Liesbet Lagae: “If you were to be told today that you have cancer, a number of different treatments are possible: the tumor can be removed by an operation or treated by chemo-, radio-, hormone- or immunotherapy. A liquid biopsy may help you to determine better which form of treatment has the best chance of success, as well as whether and when any resistance is likely to occur. But it is just as important for cancer experts to gain more insight into the way the cancer works and to keep on developing new, more effective treatments. In the end, all these pieces of the puzzle will enable us to outwit cancer. And as an electronics person, I am delighted to be able to make my own small contribution.”

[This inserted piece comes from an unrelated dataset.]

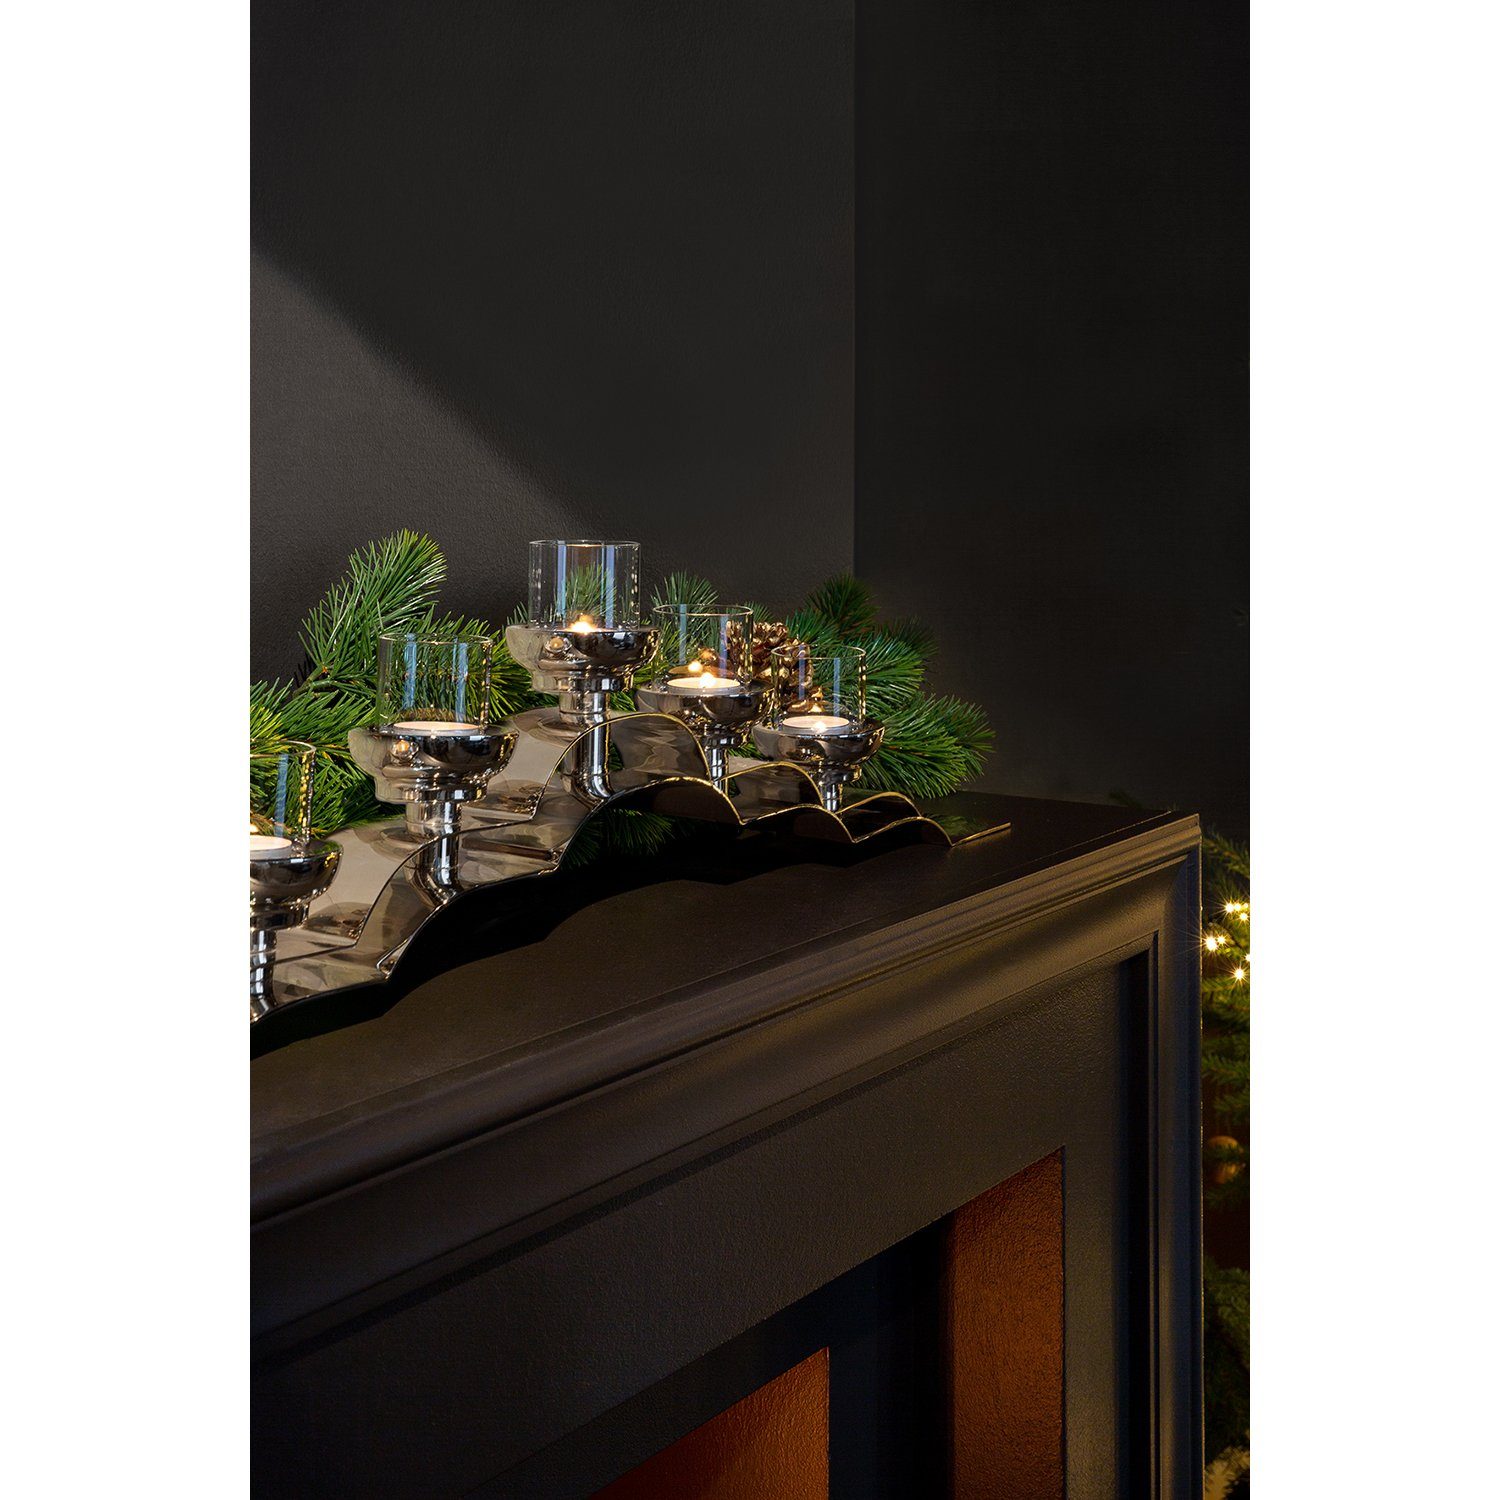 NUVOLA - vernickelt H.19,5cm B.80cm, - - Kerzenleuchter outdoorgeeignet Edelstahl/Glas Leuchter Handarbeit silberfarben nicht Fink - - x

The Leuven Cancer Institute

Leuven Cancer Institute, or LKI, is where doctors, health care providers and researchers from University Hospital Leuven and KU Leuven all come together in their fight against cancer. Their great strength lies in combining research, treatment and care so that every available weapon can be geared with the others to provide maximum effectiveness. LKI is where targeted projects using innovative technology are devised right across the full spectrum of cancer types.

Want to know more?

  • If you would like more in-depth technical information about imec’s lens-free microscope or the thermal bubble switch, you can ask to receive scientific papers by sending an e-mail to


Biography Liesbet Lagae

Liesbet Lagae is co-founder and currently Program Director of the Life Science Technologies in imec. In this role, she oversees the emerging R&D, the public funded activities and early business creation.  She holds a PhD degree from the KU Leuven, Belgium for her work on Magnetic Random Access Memories obtained under an IWT grant. As a young group leader, she has initiated the field of molecular and cellular biochips leveraging silicon technologies at IMEC, Belgium. The life science program has grown from emerging activities to a mature business line that provides smart silicon chip solutions to the life science industry.  Applications include medical diagnostics, point-of-care solutions, DNA sequencing, cytometry,  bioreactors, neuroprobes, implants.    She holds a prestigious ERC consolidator grant for developing a platform on single cell analysis and sorting.  She has (co-) authored 125 peer-reviewed papers in international journals and holds 15 patents in the field. She is also part-time professor in nanobiotechnology at KU Leuven/Physics department.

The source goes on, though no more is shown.